We are all Americans. Lest we forget, use of the term, "American," is not exclusive to citizens of the United States of America. And yet, somehow we do forget that. How we think of borders, and language, circumscribes our view of nationality.
The U.S. Census projects that very soon (2050) the population of the United States will be "majority-minority." What will cause this shift is the increase in a demographic group called "Latinos" or "Hispanics," when it is combined with our African-American, Asian-American and Native-American populations.
As a child who grew up on Gerber baby and food and remembers the little white kid on those jars, I had to smile at this ABC news item a few days ago.
Even Gerber has recognized that no longer is that child an appropriate symbol for our nation's babies.
Twenty years ago, there was the "Gerber Baby" and it was a white child.
Today's Gerber commercials, on the other hand, feature not one baby, but dozens of faces from all different races.... For the first time ever, non-white Americans, Latino, African-American, and Asian American outnumber white children. "The idea where we had a white, middle-class population that we talked about in the 1950s and 1960s, that's disappearing," said William Frey, a demographer with the Brookings Institute.
The new generation is still in the cradle, but as the infants grow up America will start to look very different.

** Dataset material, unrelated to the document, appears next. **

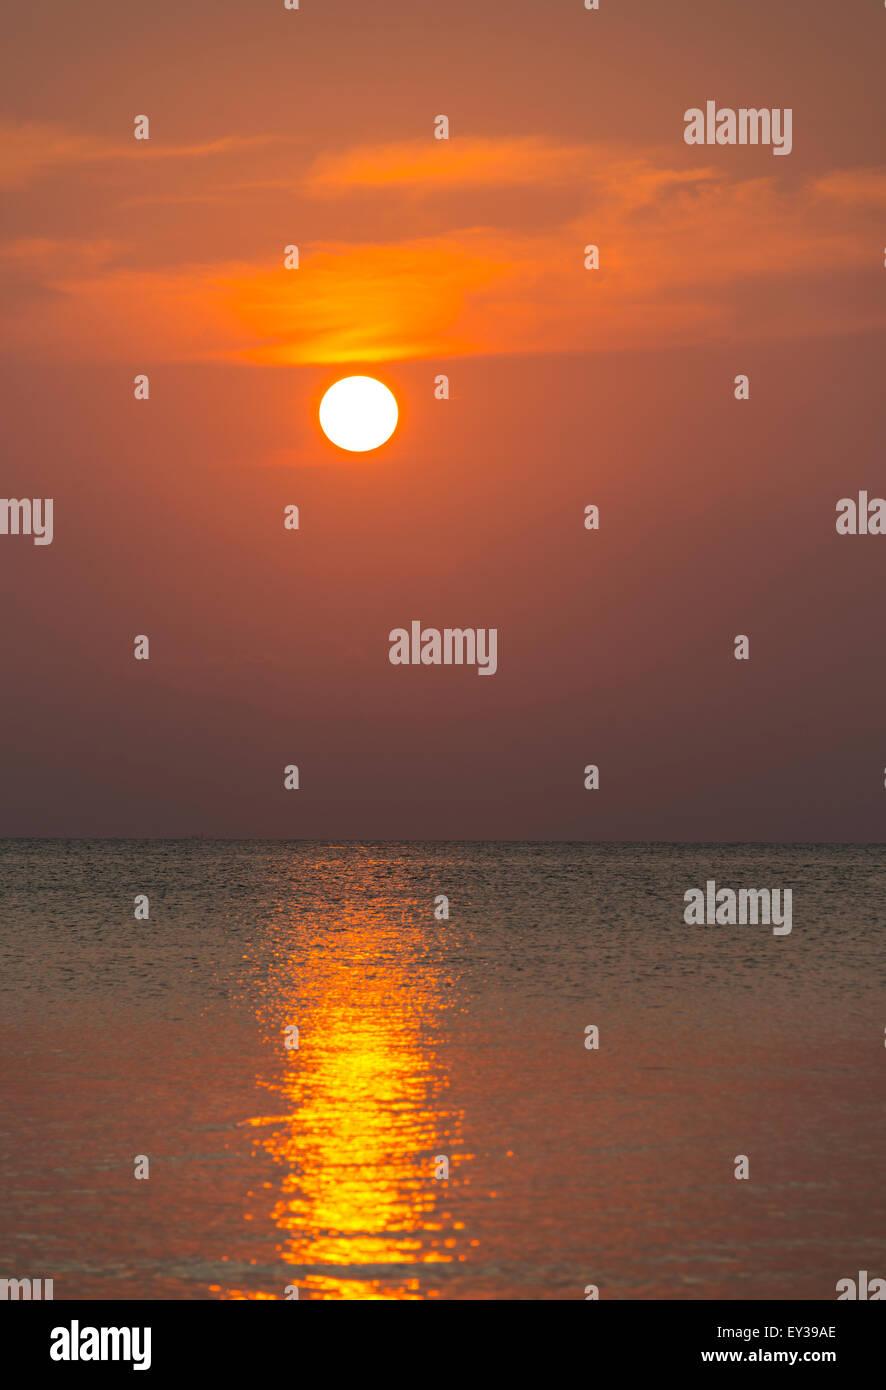 South China Sea at sunset, Gulf of Thailand, Koh Tao island, Thailand - Stock Image
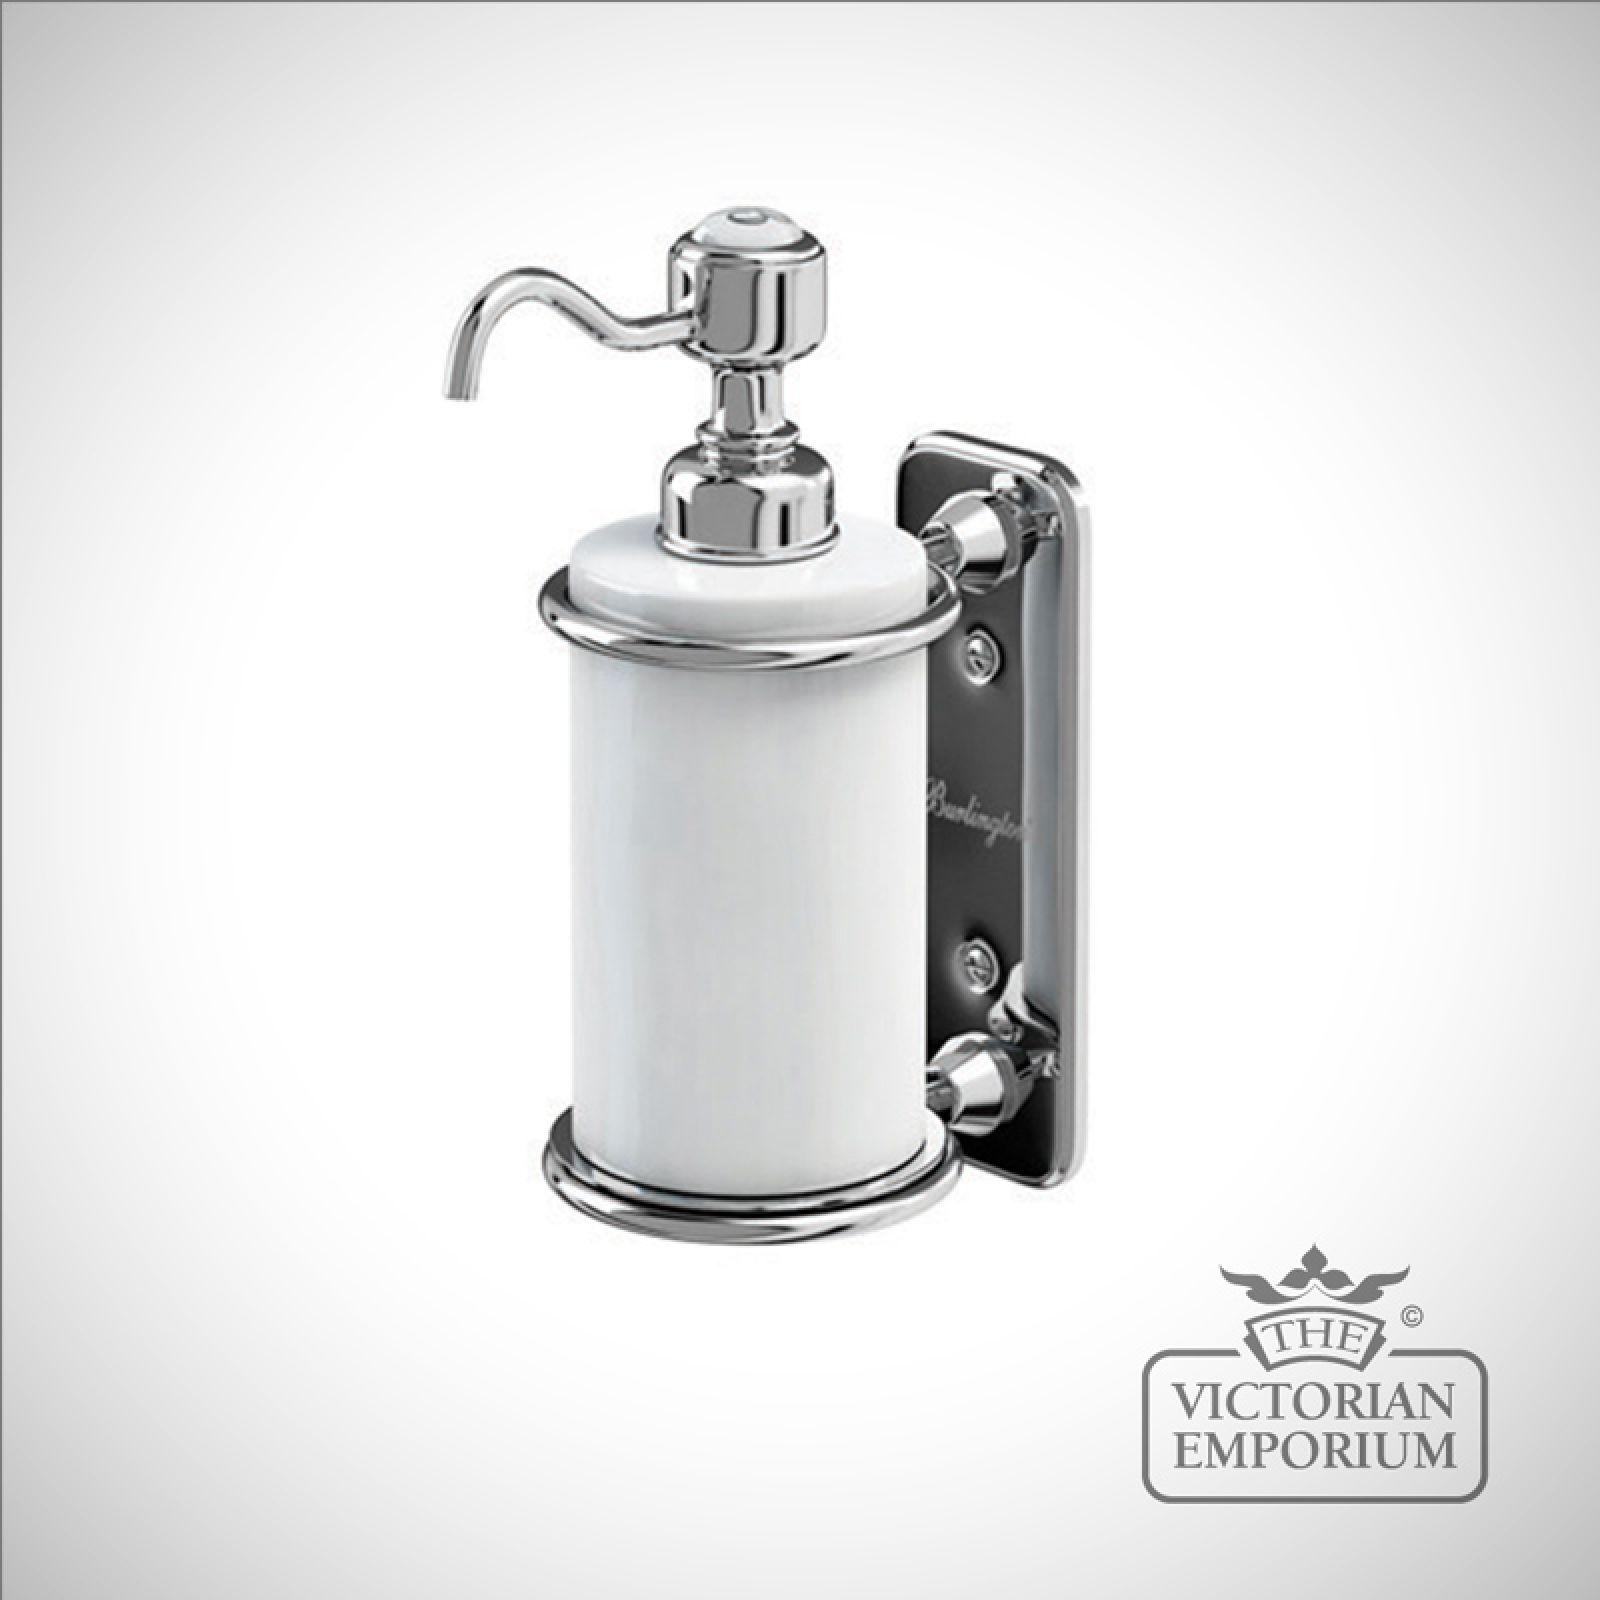 Chrome And Porcelain Soap Dispenser Bathroom Accessories

Already, the trend lines are becoming clearer: Older Americans are whiter. Younger Americans are more non-white. Most of the change is being driven by a surging Latino population with a much higher birth rate than any other ethnic group. It is further bolstered by legal immigration.
A closer look at the numbers is revealing.
Latino demographics
As of 2010, Hispanics accounted for 16.3% of the national population, or around 50.5 million people. The Hispanic growth rate over the April 1, 2000 to July 1, 2007 period was 28.7% — about four times the rate of the nation's total population (at 7.2%). The growth rate from July 1, 2005 to July 1, 2006 alone was 3.4% — about three and a half times the rate of the nation's total population (at 1.0%). The projected Hispanic population of the United States for July 1, 2050 is 132.8 million people, or 30.2% of the nation's total projected population on that date.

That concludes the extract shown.